The solar-battery hybrid plant was integrated and commissioned successfully with the existing power plant operation, with the solar plant on course to be 100% complete by the end of June.

Hybrid projects such as this, which combine solar energy with conventional energy generation and battery storage, are an effective way to provide reliable power supply day and night in off-grid areas, Suntrace says. “Ideally suited to their needs, B2Gold approved the hybrid project for implementation in July 2019, following completion of preliminary studies by Suntrace and BayWa re.”

The Fekola gold mine operates 24-hours a day. During the daytime, the new 30 MW solar plant allows three out of six heavy fuel oil generators to be shut down; the energy production of the residual three generators could also be significantly reduced. The 15.4 MWh battery storage compensates for energy generation fluctuations and assures a reliable operation, which allows up to 75% of the electricity demand of the gold mine to be covered by renewable energy during the daytime, Suntrace said.

Dennis Stansbury, Senior Vice President at B2Gold, said: “Suntrace and BayWa re have played a vital role in our work towards more sustainable production at Fekola. The implementation of a solar-battery hybrid system was an obvious choice to help achieve this, not only for its environmental credentials, but also its economic viability. This is a landmark project which we expect to pave the way for more sustainable power generation within the mining industry in West Africa.”

The integration of the solar power plant with the battery system will ensure safe and reliable power, saving 13.1 million litres of heavy fuel oil a year.

Martin Schlecht, COO of Suntrace, said: “We are very proud that B2Gold has entrusted Suntrace, together with BayWa re as engineering and procurement contractor, to support the development and implementation of this innovative project. Thanks to excellent team work with B2Gold and BayWa re, we were able to manage the completion despite the global challenges that the COVID-19 pandemic imposed on all of us. We are proud to jointly deliver a functioning project, well integrated with the mining operations, which reduces CO2 emissions from power generation for the Fekola mine by roughly 20%.”

The photovoltaic-battery system will help to reduce CO2 emissions by 39 000 t/y, according to the company.

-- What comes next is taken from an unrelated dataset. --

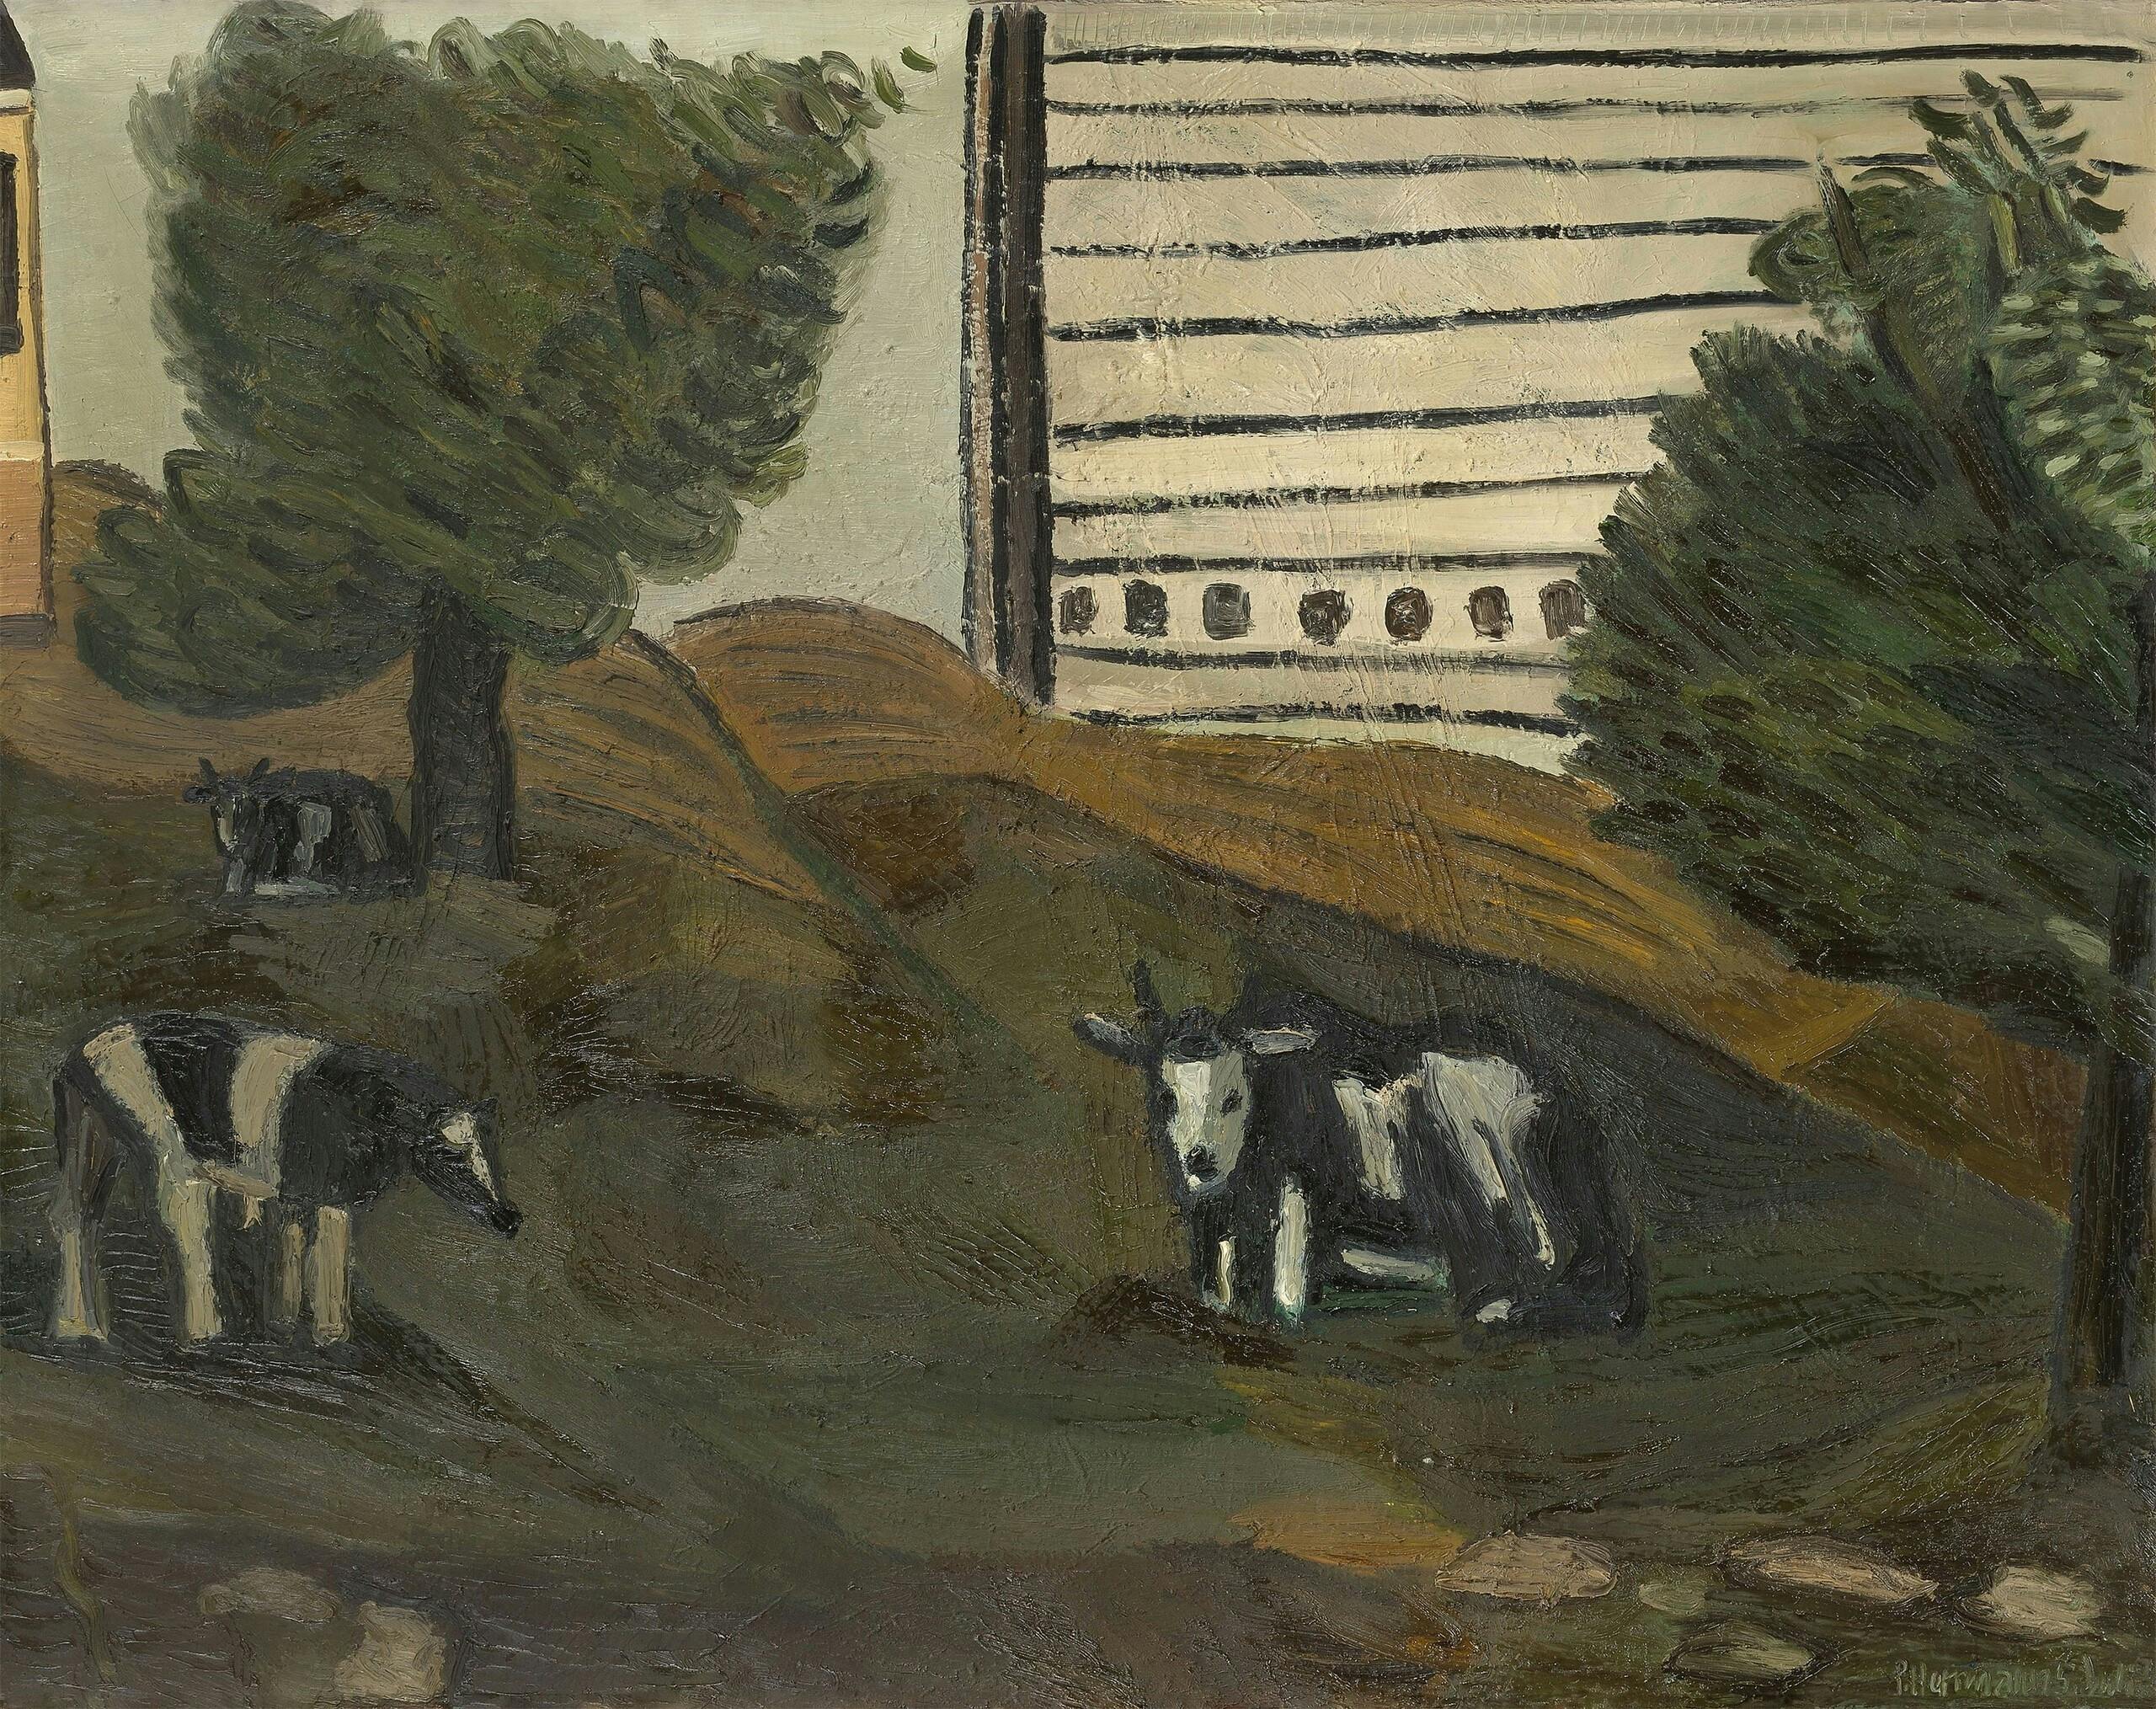 Painting: Three cows graze on a hilly meadow with trees. A huge skyscraper appears on the horizon, implied by simple brushstrokes.
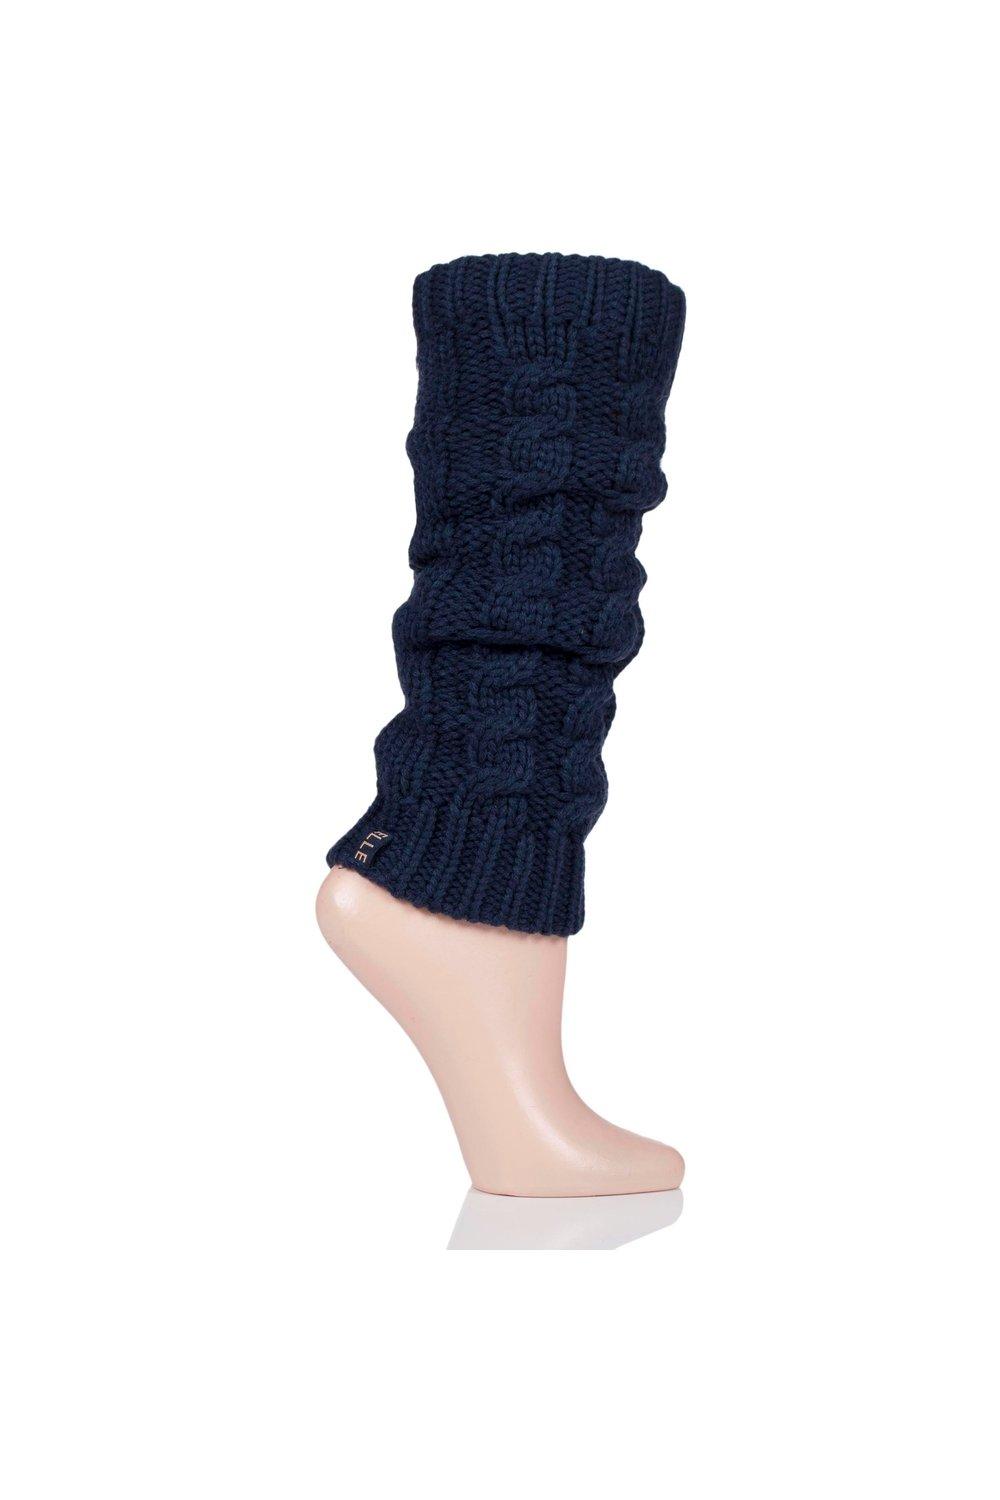 1 Pair Chunky Cable Knit Leg Warmers

Thorsten Althaus, Project Manager at BayWa re, added: “Integrating such a large amount of solar into a small, isolated grid safely and reliably has been a major technical challenge and required the use of battery storage as well as a tailor-made control system. This was conceptualised in the early stages of the project and we ensured that our vision was implemented accordingly by the suppliers. It is extremely rewarding to see how well this solution performs in reality and shows that the technology works and is just waiting to be applied on further projects.”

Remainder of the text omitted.